Today, we bring you the journey of Ryan Hatcher, a Communications and OCM Consultant for one of KAI Partners’ public-sector clients.

KAI Partners, Inc.: How did you get into your line of work?

Ryan: About two years ago, I submitted an application to a company I’d never heard of based on a vague job description. Through a long series of interviews, I learned a little more about the job and started to get ideas of how I could fit into the role and the company. By the end, I still didn’t totally grasp what the work would be, but I was confident that I could help.

When I started in the political world more than a decade ago, things were a bit messier. I had a professor who started me down a long path of informational interviews until I convinced someone that I could successfully manage a Republican party office in Oakland. It wasn’t what I set out to do a couple months prior, but it was an opportunity.

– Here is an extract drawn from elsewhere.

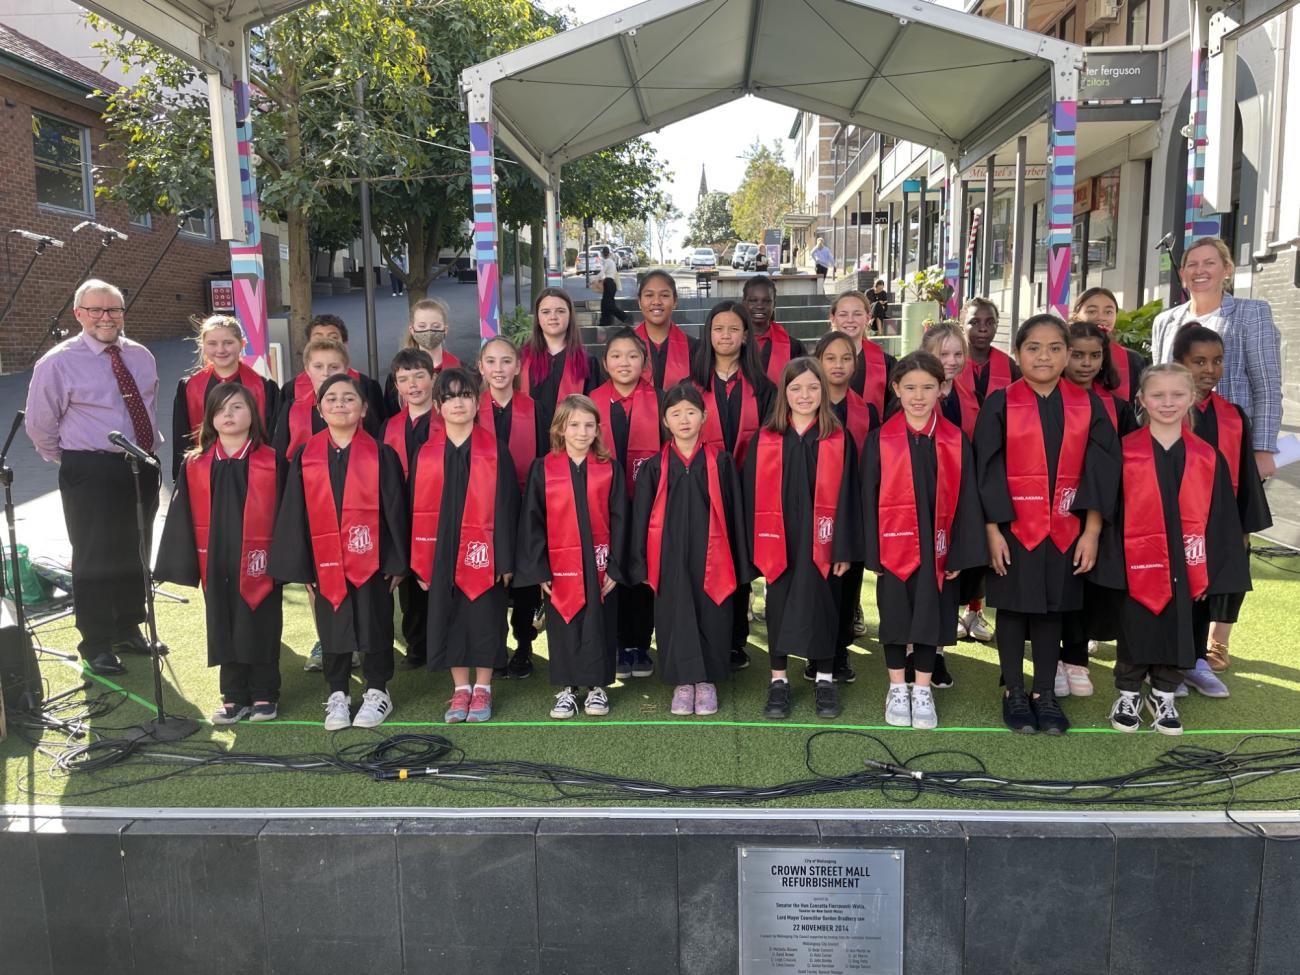 Kemblawarra Public School Choir standing in front of the stage in school uniform for photo

I’ve spent a lot of time over the years developing new business and clients—whether political, non-profit or corporate, I’ve learned that the work always follows the same path: find someone with a need, learn all about it, and come up a with a way to help.

KAI: Are there any certifications or trainings you’ve gone through that have helped in your career?

RH: Working at KAI Partners is essentially a constant training ground. I’ve learned a ton about the consulting business, state IT projects, procurement, and several other aspects of this field.

KAI: What is your favorite part about your line of work and why?

RH: Finding ways to be creative. It’s not always easy in a rigid, government environment to exercise creativity but that’s also what makes it so rewarding. Understanding how things work and discovering ways to creatively navigate complex systems can be fun.

KAI: What is one of the most common question you receive from clients and what counsel or advice do you give them?

RH: Working in communications, I get a lot of questions about how to word things or phrase news to best influence the audience. Generally, I ask them to think of the audience and try to imagine how they would understand/receive the information. Effective communication isn’t about clever wording or grand oration, it’s about connecting with people on their level and in their language.

Now that we’ve learned more about Ryan’s communications work, here’s a little more about him!

Quick Q&A with Ryan:

Daily, must-visit website: news.google.com, reddit.com/aww

Preferred genre of music or podcast to listen to: Classic rock, Broadway/Disney musicals, indie/folk, country.

Best professional advice received: “Plant what you want to harvest in 4, 7, and 10 years,” and “In life or business, relationships are the best investment you can make.”

Book you can read over and over again: The Hitchhiker’s Guide series by Douglas Adams

Most-recent binge-watched show: Better Call Saul

About Ryan: I have three hobbies: Husbanding, dog parenting, and tinkering. I spend a lot of time in the kitchen experimenting or in my garage/yard building things.